1.MapTask的数量决定 (1)文件的个数 (2)文件大小 (3)blocksize

简单来说:输入的目录中文件的数量决定多少个map会被运行起来,应用针对每一个分片运行一个map,一般而言,对于每一个输入的文件会有一个map split(我们常常所说的小文件问题,可能引起Hadoop集群资源雪崩,就是这个原因。如在Flink实时写入Hive表场景,如果不进行小文件合并,极可能导致Hadoop集群资源问题)。如果输入文件太大,超过了hdfs块的大小(128M)那么对于同一个输入文件我们会有多余2个的map运行起来

mapTask的数量由文件决定的数学含义:

MapReduce的每一个map处理数据是不能跨越文件的。
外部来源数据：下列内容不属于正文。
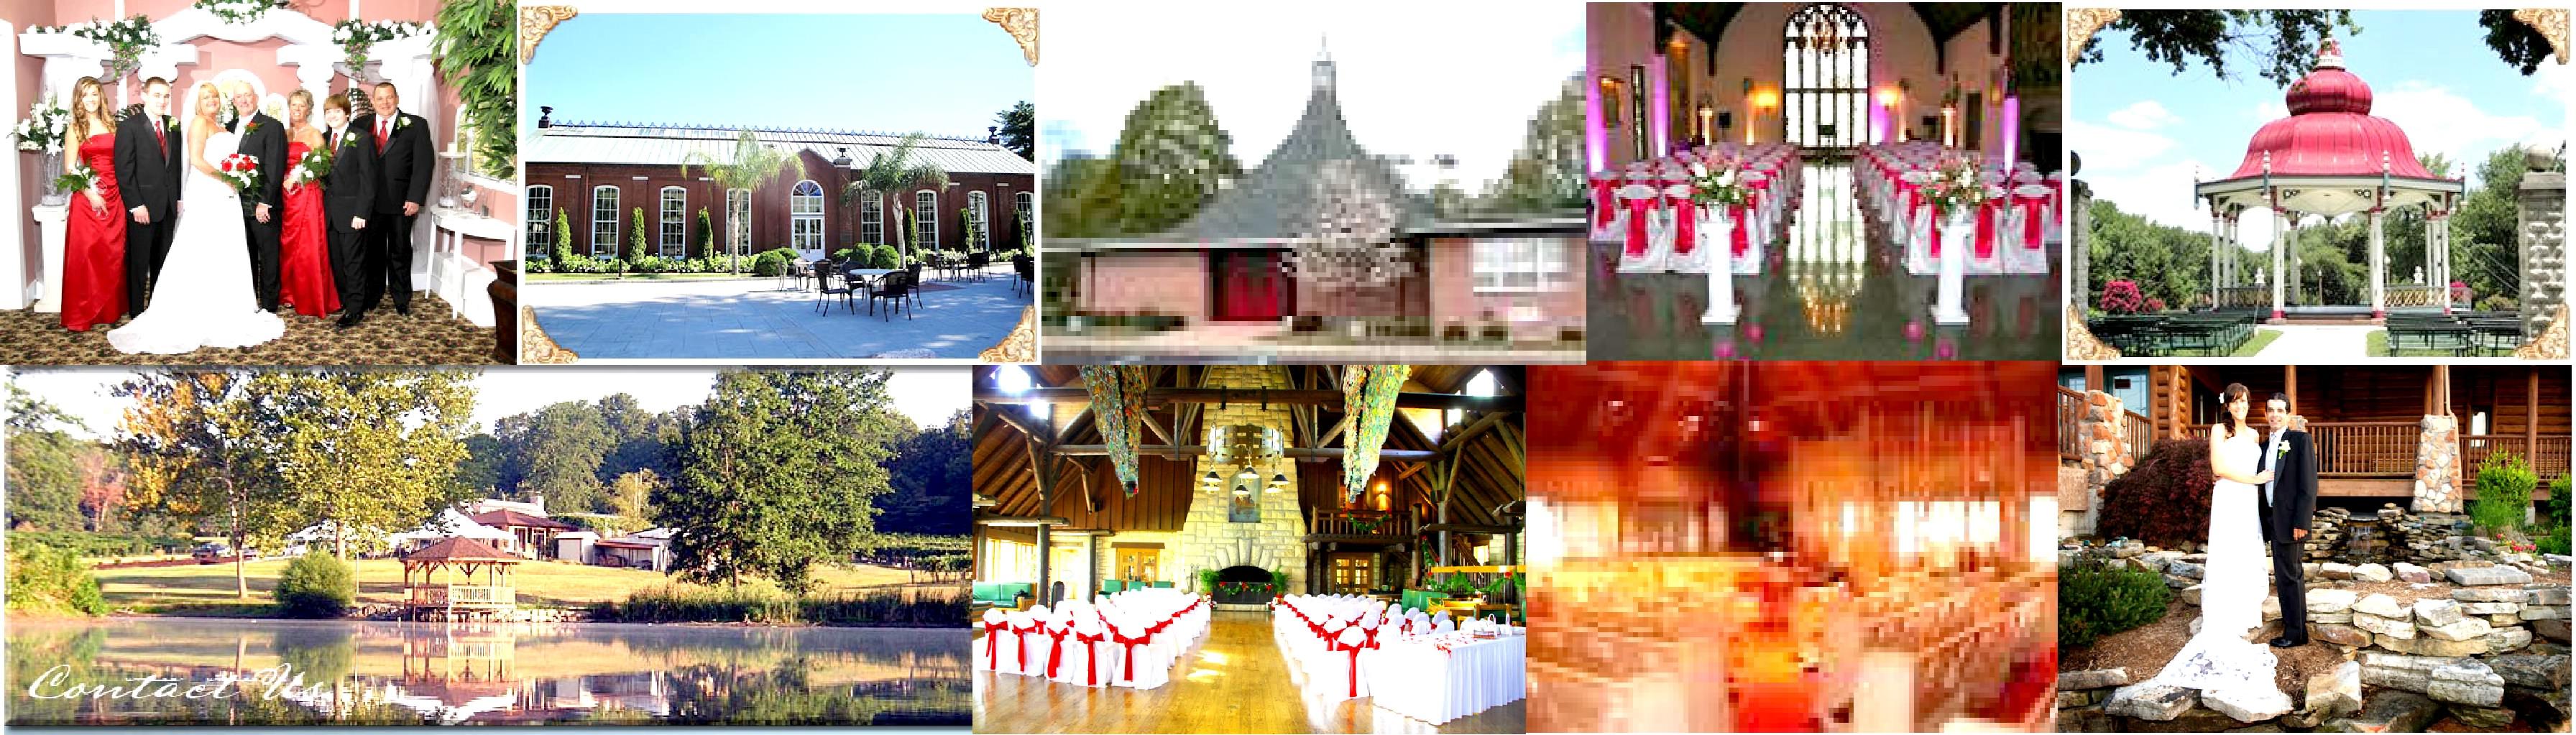 St louis wedding venues ceremony sites st louis weddingst louis st louis wedding venues junglespirit Gallery

也就是说minMapNum>=inputFileNum,所以,最终的map个数应该为: mapNum=max(computeMapNum,inputFileNum)

下面讲述文件大小和blockSize是如果影响mapTask的数量的。

2.如何来调整MapTask的数量 在不改变blockSize的情况下,变更map的情况

计算splitSize的公式:

//下面的调整都是按照此公式进行调整(具体解释看我的另外一篇博客 https://blog.csdn.net/lihuazaizheli/article/details/107370695) splitSize=Min(maxSize,Max(minSize,blockSize)) 当 minSize《 blockSize 《 maxSize 时,splitSize=blockSize 当 blockSize《 minSize《 maxSize 时,splitSize=minSize ,可应用于减少map数量,调大minSize(至少大于blockSize) 当 minSize《 maxSize 《blockSize 时,splitSize=maxSize , 可应用于增加map数量,调小maxSize(至少小于blockSize)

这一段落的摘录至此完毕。